Вы здесь

Анна Гейерштейн. Или Дева Тумана. Глава VIII (Вальтер Скотт)

Глава VIII

Городок пред ними. Рейн шлет ему привет,

Свергаясь с отчего утеса, и далее торопит бег,

Стремясь, как гордый Оргеторикс91 было,

Из плена мертвых скал, теснин унылых,

Широкой Галлии обуять брег.

«Гельвеция»

ВЗОРЫ английских путешественников, утомленные постоянным созерцанием голых скал, теперь с удовольствием обратились в сторону местности, хотя и холмистой, но вполне пригодной к земледелию, судя по украшавшим ее нивам и виноградникам. Широкий и величественный Рейн стремительно нес свои серебряные воды сквозь этот пейзаж, разделяя надвое город Базель, расположенный на его берегах. Южная часть города, куда привела швейцарскую депутацию их стезя, представленная знаменитым кафедральным собором92 на высокой террасе, выровненной руками человека и обрывающейся в реку, напомнила нашим путешественникам, что они приблизились к стране, в которой деятельность разумных созданий характеризовалась новыми величественными сооружениями, кои погребли под собой, такова уж их доля, прежние достижения человеческого труда, победившего некогда каменную унылость природы, сопутствовавшую нашим путешественникам на всем их пути.

За милю от городских ворот депутация была встречена представительным сановником, сопровождаемым двумя или тремя горожанами верхом на лошаках, покрытых бархатными чепраками. Первым они приветствовали ландмана Унтервальдена, а затем и его спутников, которые приготовились выслушать гостеприимное приглашение и любезно его принять.

Однако, представители Базеля, завели речи совершенно не те, что от них ожидали.

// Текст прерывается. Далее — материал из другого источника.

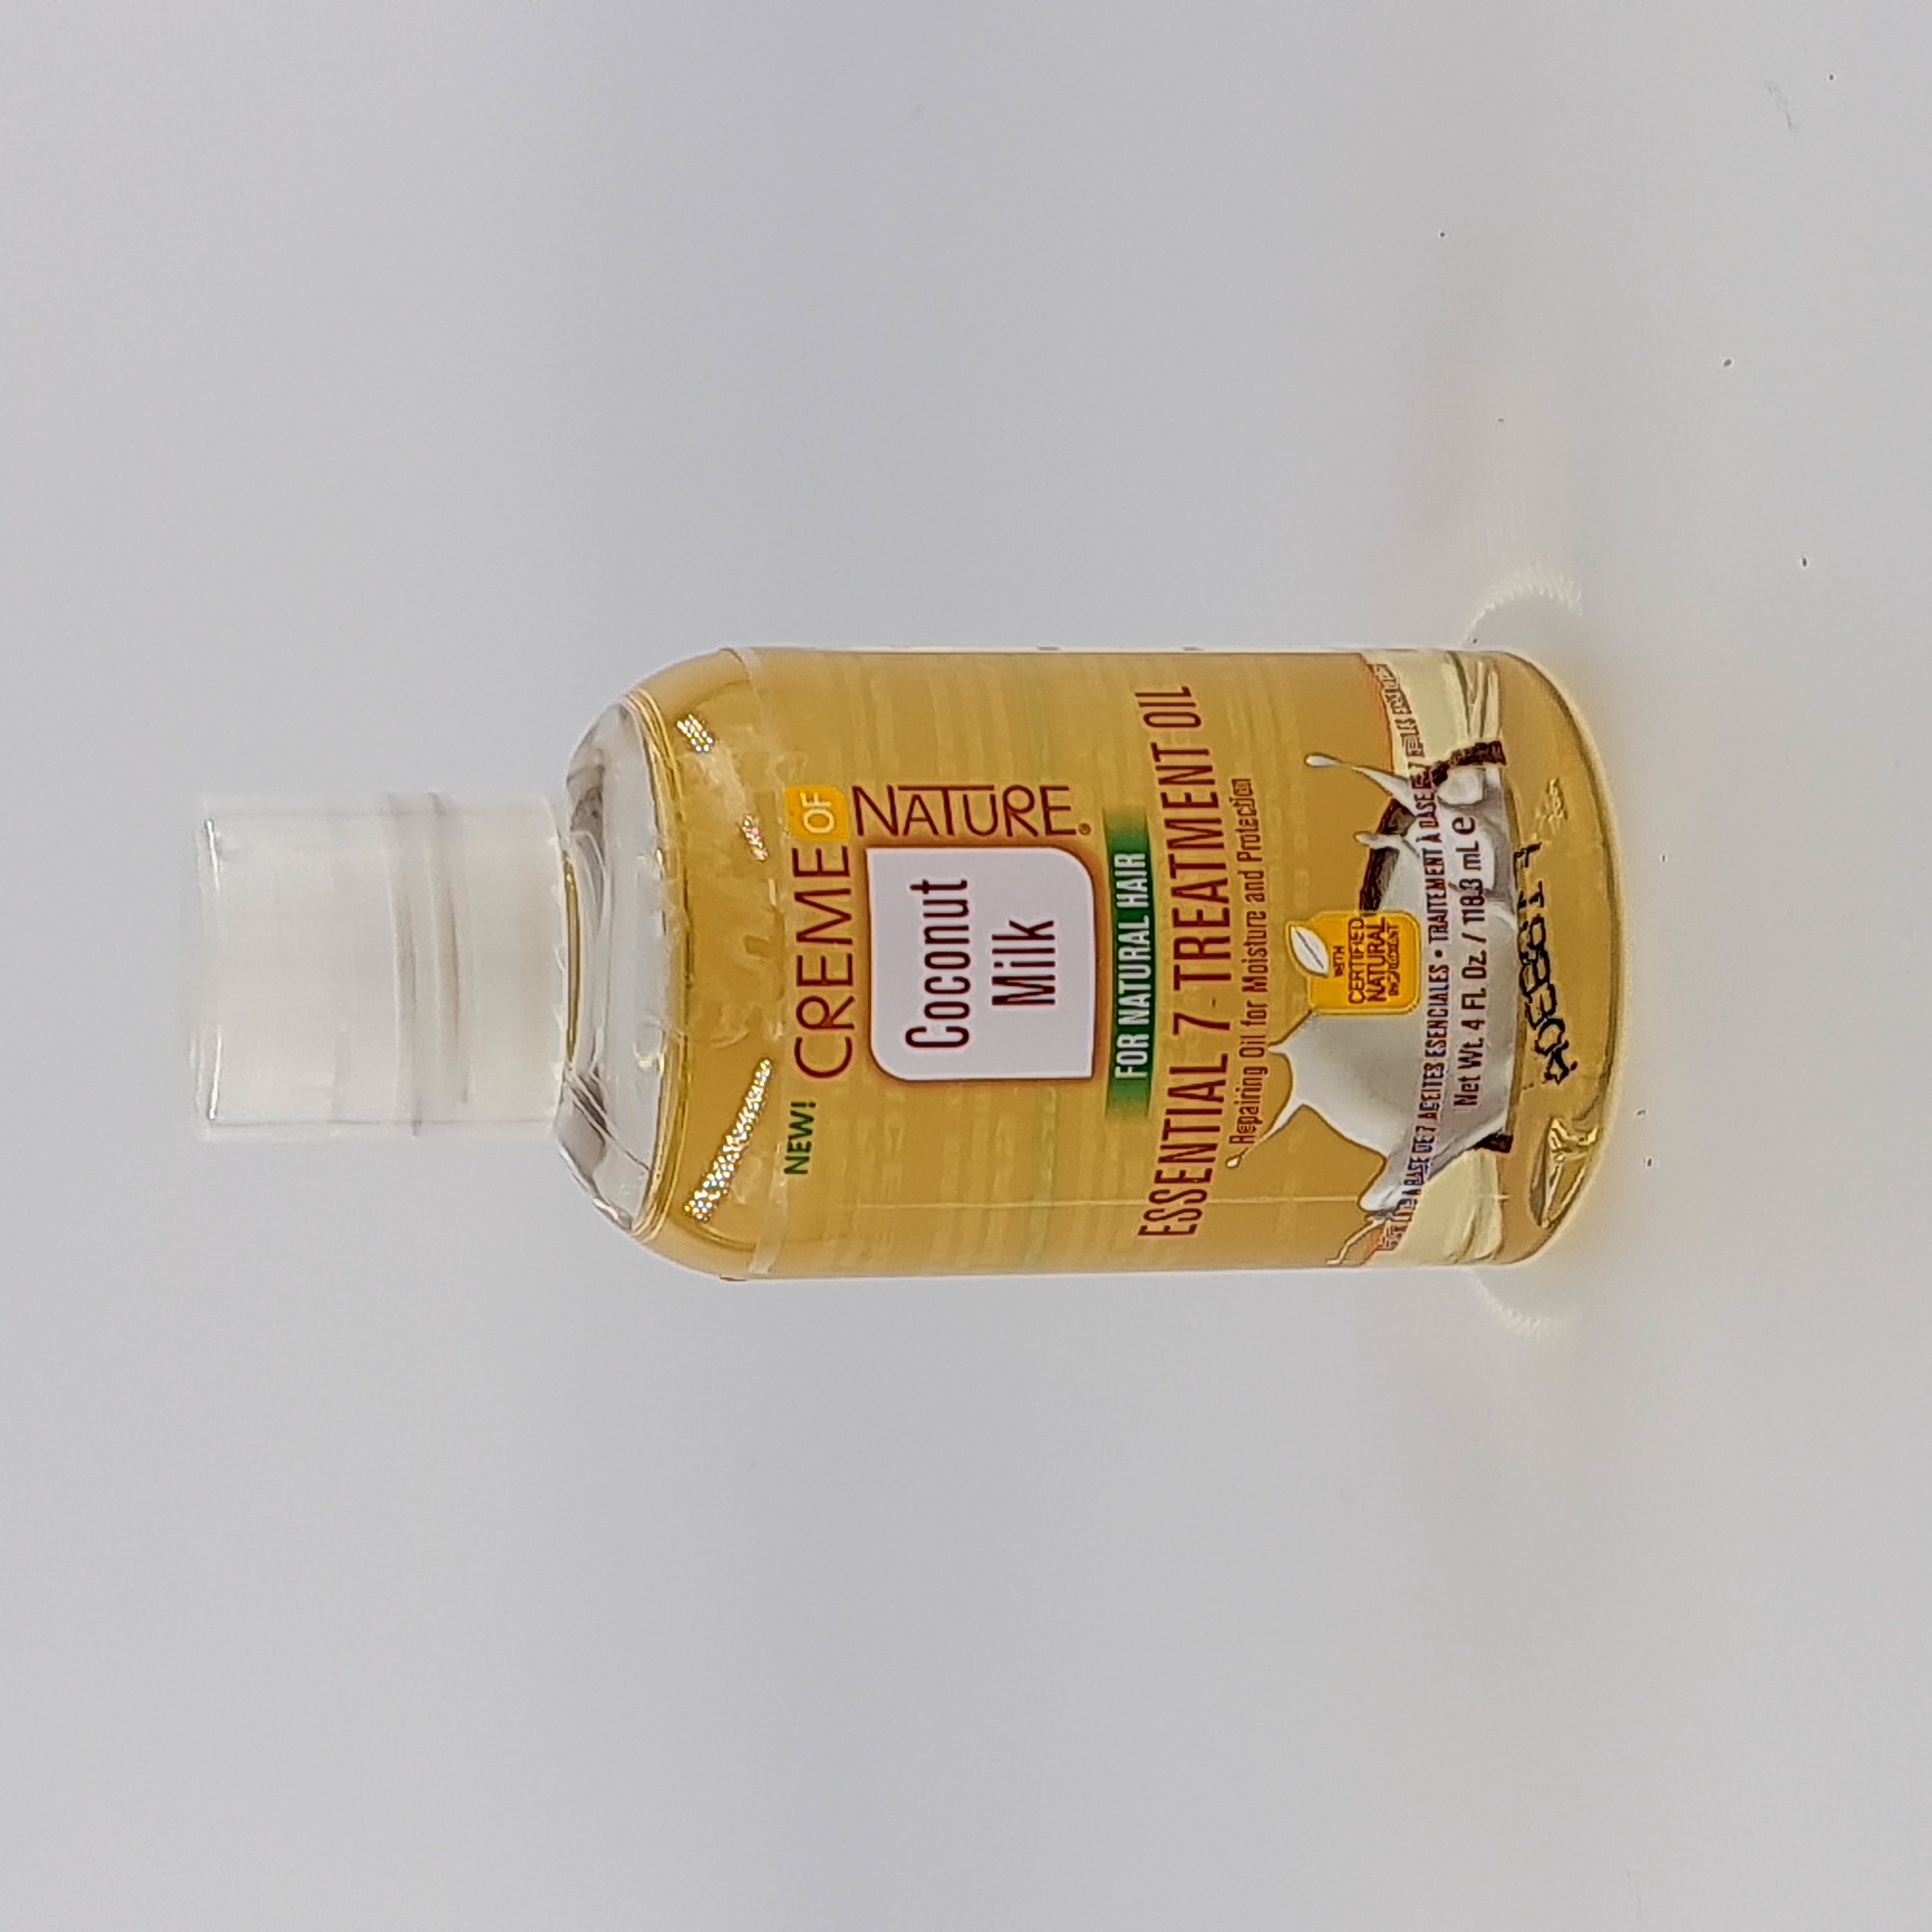 Creme of Nature Coconut Milk Essential 7 Treatment Oil 4 oz

Сановник с крайним смущением, приступил к исполнению возложенного на него поручения, справедливо полагая, что оно не является сколько-нибудь приятным для него. Базельский оратор начал с того, что имеется множество причин для более тесных и дружеских отношений между его городом и городами Швейцарского Союза в дополнение к тем связям, что обеспечивают взаимную выгоду. Но, заключил он, по некоторым веским обстоятельствам, которые будут объяснены позже, Вольный Город Базель не может принять на ночь за своими стенами высокопочтенных депутатов от Швейцарского Союза, направляющихся ко двору герцога бургундского.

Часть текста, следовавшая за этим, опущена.